A friend just pointed me to Liberating Knowledge: A Librarian's Manifesto for Change by Barbara Fister, an academic librarian who also happens to write mystery novels.
She has an excellent perspective on the meaning of libraries, and the tradeoffs involved with the current societal trend toward privatizing knowledge through so-called "intellectual property" regulations. In a great critique of the passivity of academia and libraries in the face of attempts at intellectual enclosure by private corporations, she writes:
This uninformed indifference is laying the groundwork for a new tragedy of the commons: a world in which knowledge is turned into intellectual property, monetizied, and made artificially scarce.

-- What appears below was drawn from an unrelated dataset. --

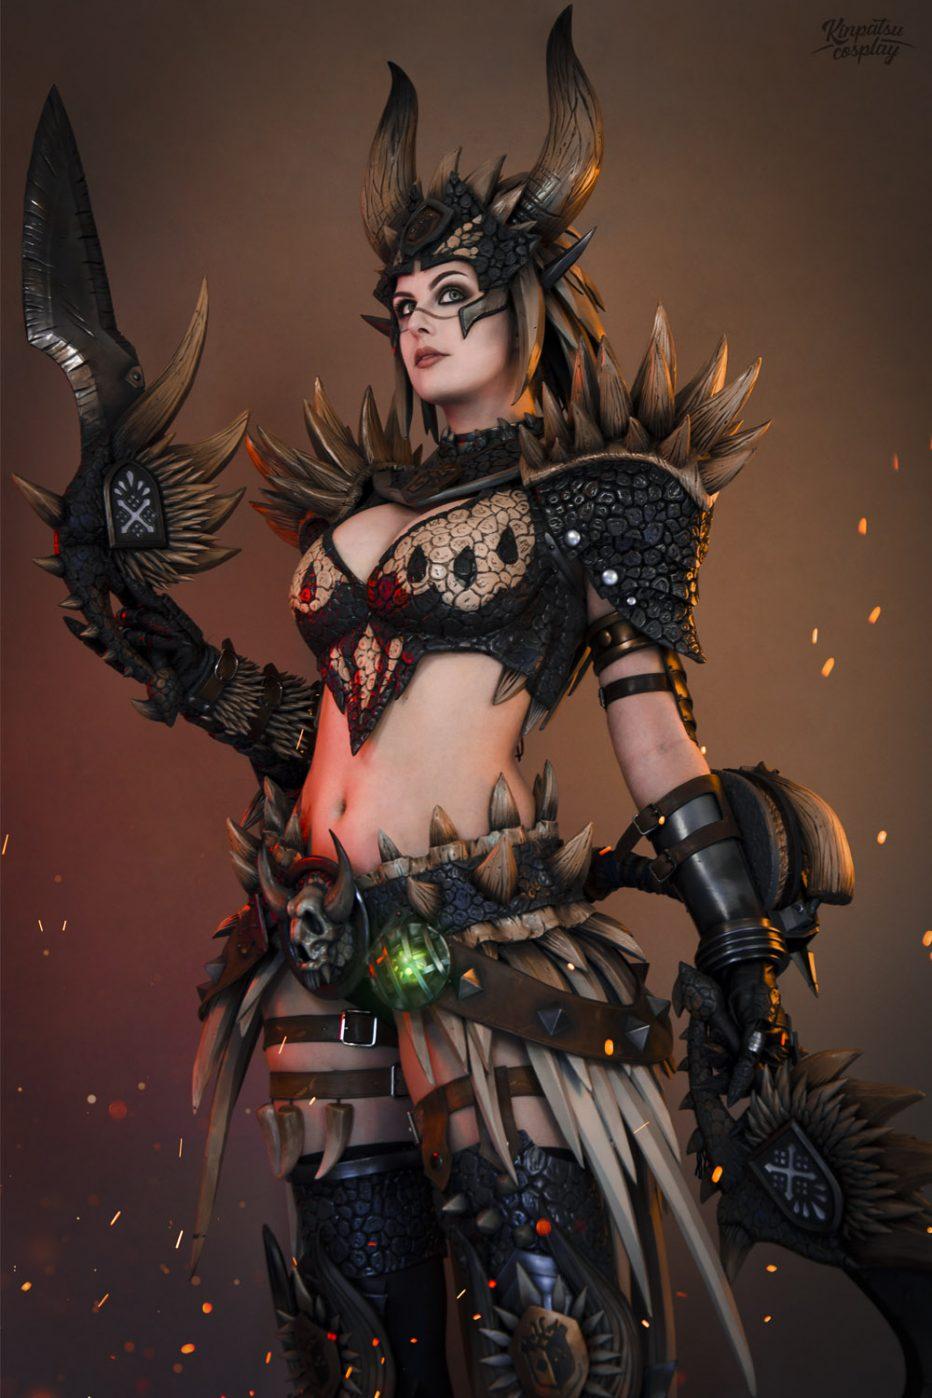 Monster-Hunter-Nergigante-Armor-Gamers-Heroes-1.jpg

She closes with a six-point manifesto that begins:
Liberation bibliography arises out of outrage at the injustice of the current system. It’s not about saving money, it’s about the empowering nature of knowledge and the belief that it shouldn’t be a luxury good for the few.
The article abounds in examples of heinous arrangements in the current system that seem to be accepted as standard procedure, and clear thinking about what the actual tradeoffs are (and how we, as a society, are making them poorly).
If i had one objection, it would be that she neglects to mention increased surveillance as one of the problems that come with privatization of knowledge. Our abilities to read privately and anonymously, and to correspond confidentially are at risk because of these systems of control.
Anyway, I'd love to see more open allegiances between librarians and free software folks; the ideals and struggles are very much in parallel. Go talk to your librarian friends about this stuff today!